Detailed Description
In order to make the objects, technical solutions and advantages of the present invention more apparent, the present invention is described in further detail below with reference to the accompanying drawings and embodiments. It should be understood that the specific embodiments described herein are merely illustrative of the invention and are not intended to limit the invention. In addition, the technical features involved in the embodiments of the present invention described below may be combined with each other as long as they do not conflict with each other.
In order to achieve the above object, the present invention provides an image defogging method based on a convolutional neural network, the flowchart of which is shown in fig. 1, including the following steps:
s1, inputting the fogging map H to be defogged into the pre-trained transmittance estimation model to obtain a transmittance map T, as shown in fig. 2, where (a) is the fogging map H and (b) is the obtained transmittance map T;
specifically, the fog diagram is used as a sample of a first training set, the transmittance diagram corresponding to the fog diagram is used as a sample label of the first training set, and the transmittance diagram is input to a convolutional neural network for training to obtain a pre-trained transmittance estimation model. Specifically, the foggy graph H is the network input, the corresponding transmittance graph T is the network output, the transmittance graph estimation loss function is minimized, and the weight of the current network is updated; the above steps are repeated until the preset number of iterations is reached, in this embodiment, the preset number of iterations is 60.
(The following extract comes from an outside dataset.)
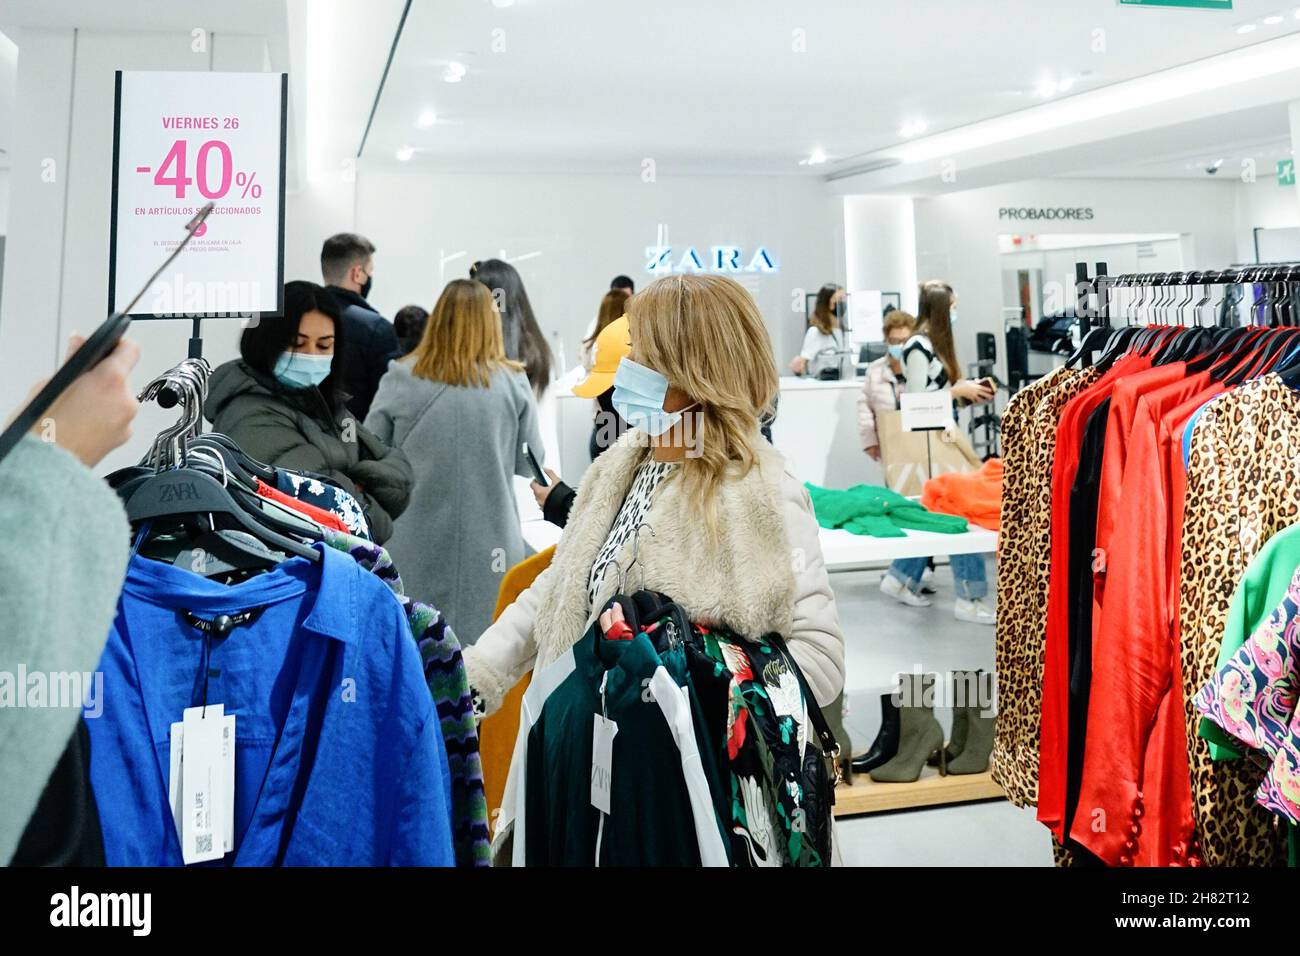 Page 12 - Black Friday Images High Resolution Stock Photography and Images  - Alamy

Wherein the loss function of the transmittance estimation modelLtransComprises the following steps:
Figure BDA0002245945590000051
wherein, t (I) is the output of the transmittance estimation model function, I represents a foggy graph, t is a target transmittance graph, w, h, and c are the length, width, and number of channels of the foggy graph, respectively, V (·) is a feature graph of the output of Pool-4 layer in VGG-19 network, w ', h ', and c ' are the length, width, and number of channels of the feature graph, respectively, σ is a proportionality coefficient, and σ is 0.0001 in this embodiment. Specifically, comparing the estimated transmittance loss function proposed by the present invention with the L1 loss function, as shown in fig. 3, where (a) is a foggy graph, (b) is a real transmittance graph corresponding to the foggy graph, (c) is a transmittance estimated graph obtained by using the L1 loss function, and (d) is a transmittance estimated graph obtained by using the estimated transmittance loss function proposed by the present invention, it can be seen from the graph that the estimated transmittance loss function proposed by the present invention can better recover the edge information of the image.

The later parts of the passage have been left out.